Most guidelines concern GIOP management in postmenopausal women and in men ≥ 50 years old, but there are no tools available for the prediction of absolute fracture risk in patient younger than 40 years old and in children [38, 52].

The 2017 American College of Rheumatology (ACR) guidelines provides recommendations in accordance with a subject’s individual profile and categorizes patients into two groups by age (adults < 40 years and > 40 years of age), glucocorticoids status (initiating or continuing) and fracture risk. For patient´s over 40 years, the risk is categorized as low, moderate, or high, by history of prior osteoporotic fracture (s), BMD, and 10-year fracture risk calculated by adjusted FRAX® [38] (see Table 1).

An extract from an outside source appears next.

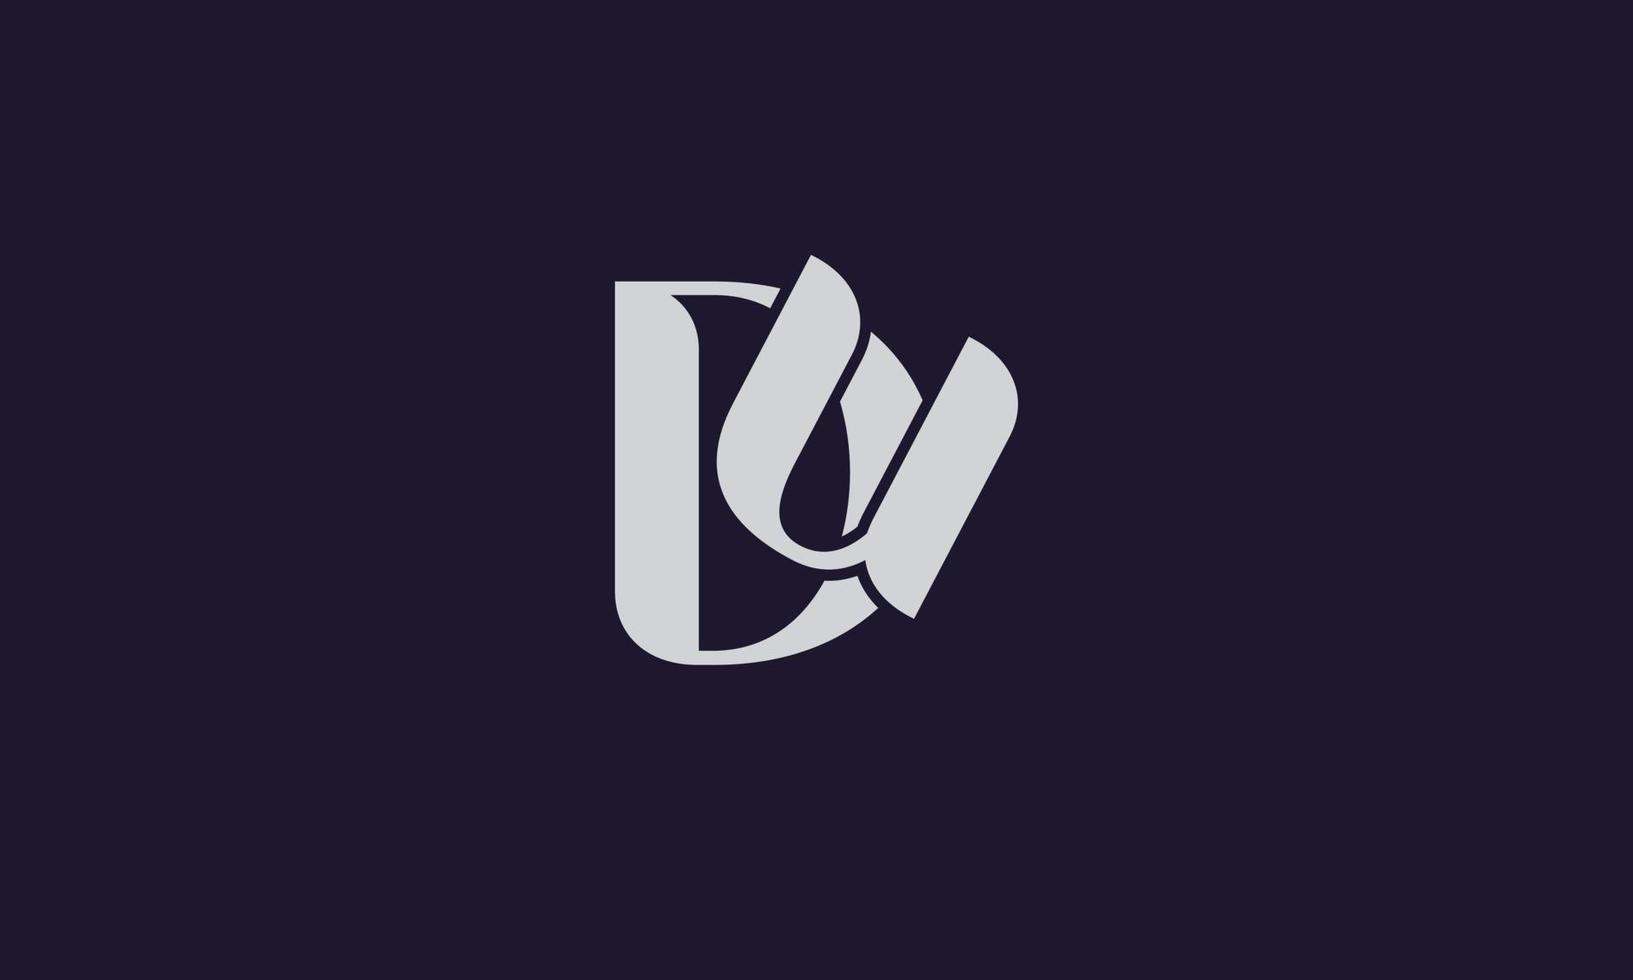 DU Alphabet letters Initials Monogram logo vector

Table 1 American College of Rheumatology. Risk stratification of fractures (patients >40 years)

In adults of 40 years of age ACR guidelines consider that there is a high risk of fracture if they had a prior osteoporotic fracture. The risk is moderate if they were expected to continue glucocorticoid treatment at ≥ 7.5 mg/day for ≥ 6 months and had either: a hip or spine BMD Z score of < − 3 or a rapid decline in hip or spine BMD equivalent to ≥ 10% in one year. Low fracture risk is considered when none of the above-mentioned risk factors other than GC treatment are present [38].

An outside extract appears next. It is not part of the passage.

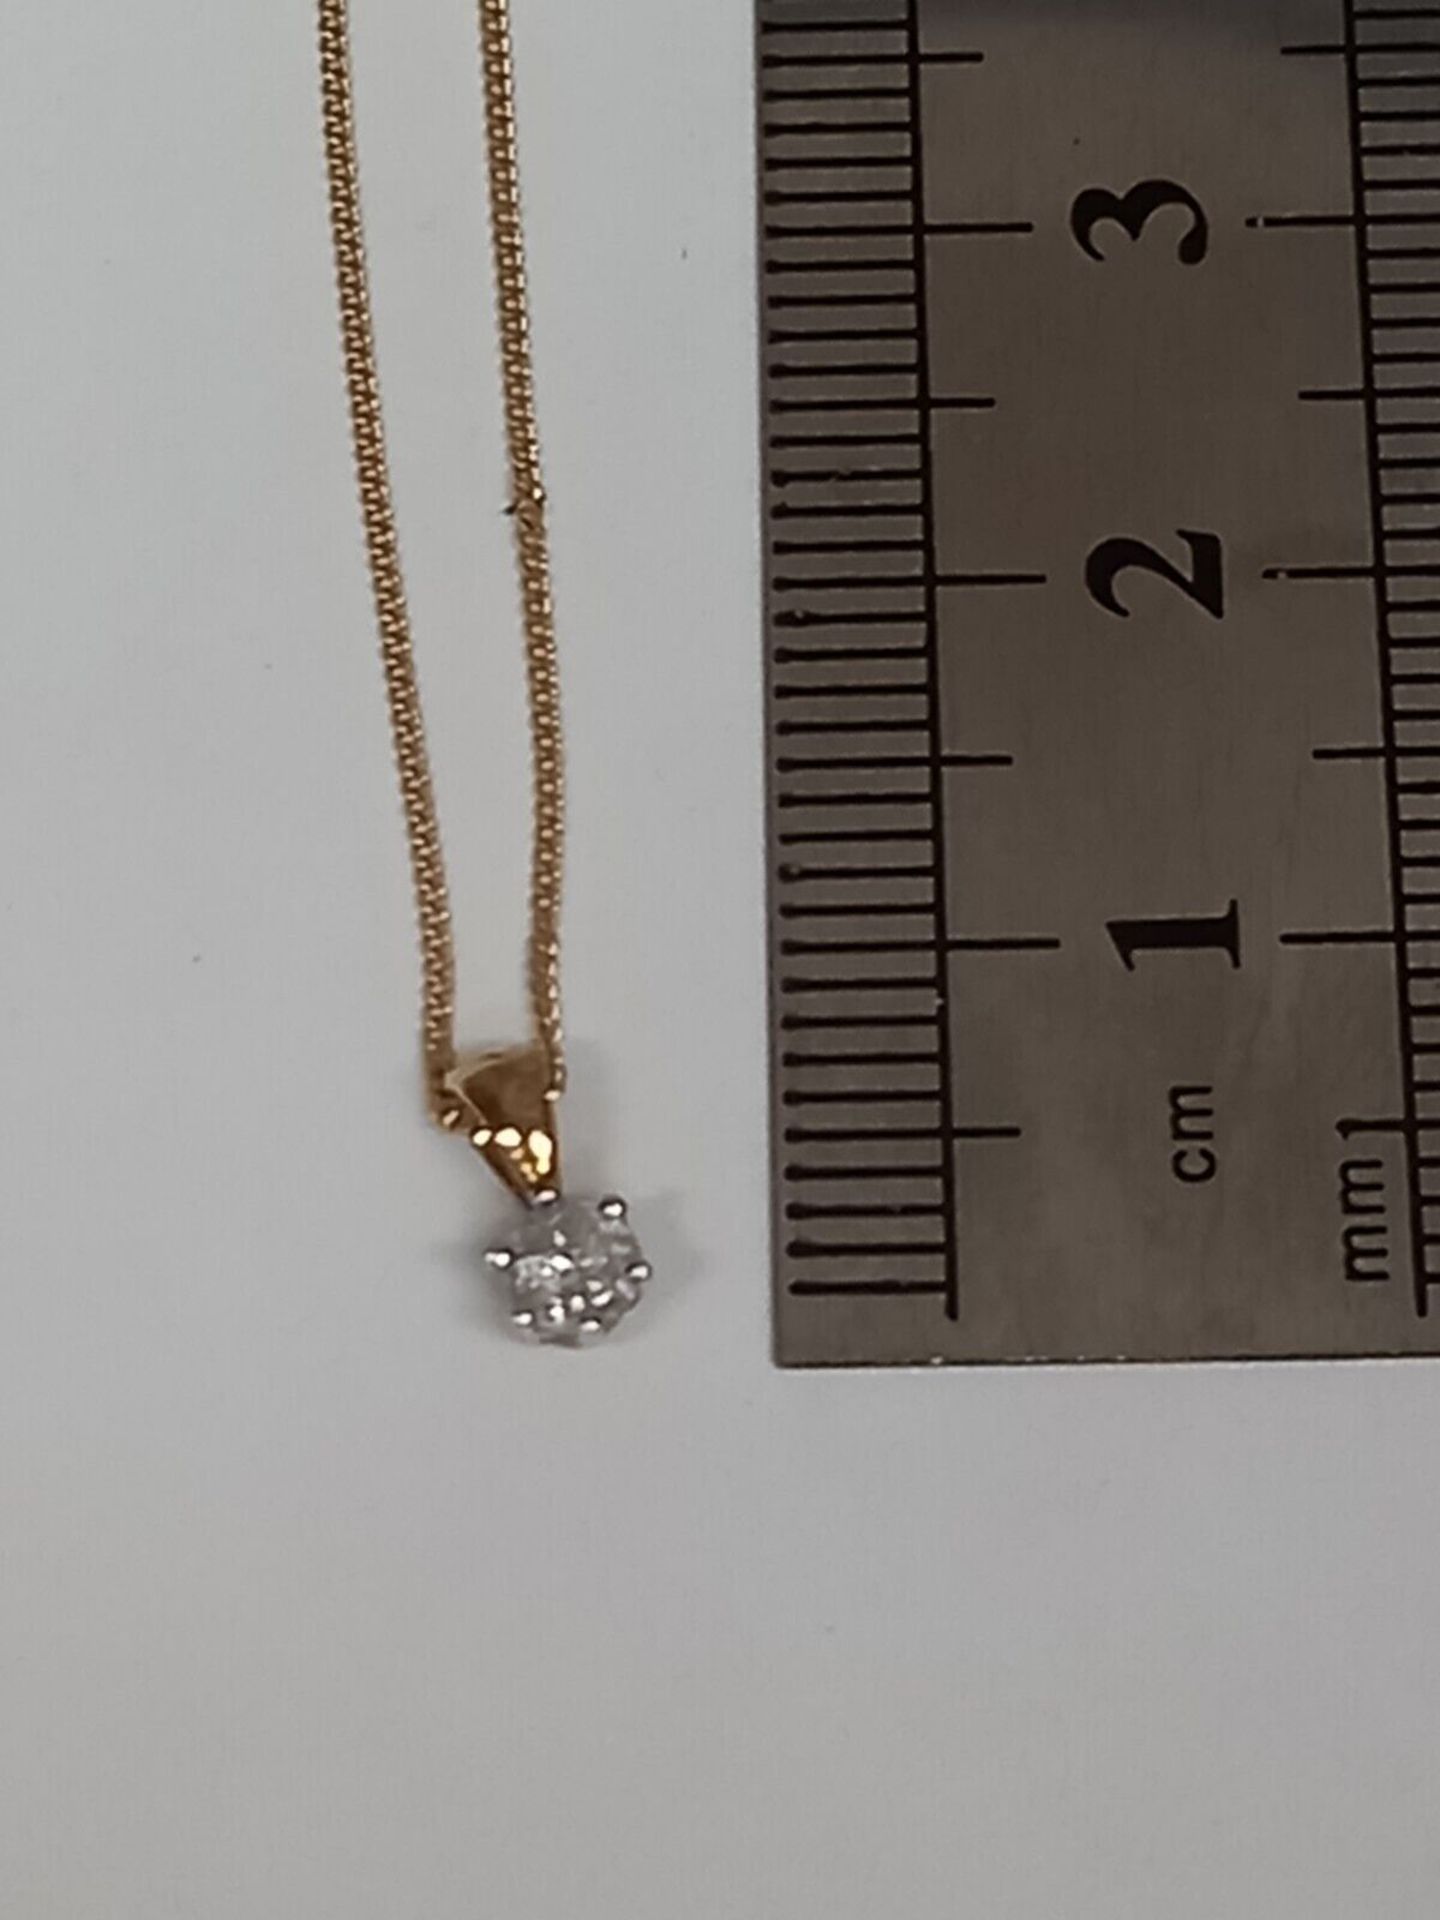 0.15CT DIAMOND PENDANT & CHAIN 9CT YELLOW GOLD - Image 3 of 3

The recommendations between the different guides for bone-protective therapy have similarities but also some differences. For postmenopausal women and men ≥ 50 years, the International Osteoporosis Foundation (IOF)-European Calcified Tissue Society (ECTS) recommends bone-protective therapy in patients aged ≥ 70 years, those with previous fragility fracture or incident fragility fracture during GC therapy, prednisolone dose > 7.5 mg/day, BMD T score ≤  − 1.5 or adjusted FRAX® fracture probability above the intervention threshold of the general population. In premenopausal women and men aged < 50 years bone-protective therapy is recommended when GC use ≥ 3 months plus fragility fracture [37].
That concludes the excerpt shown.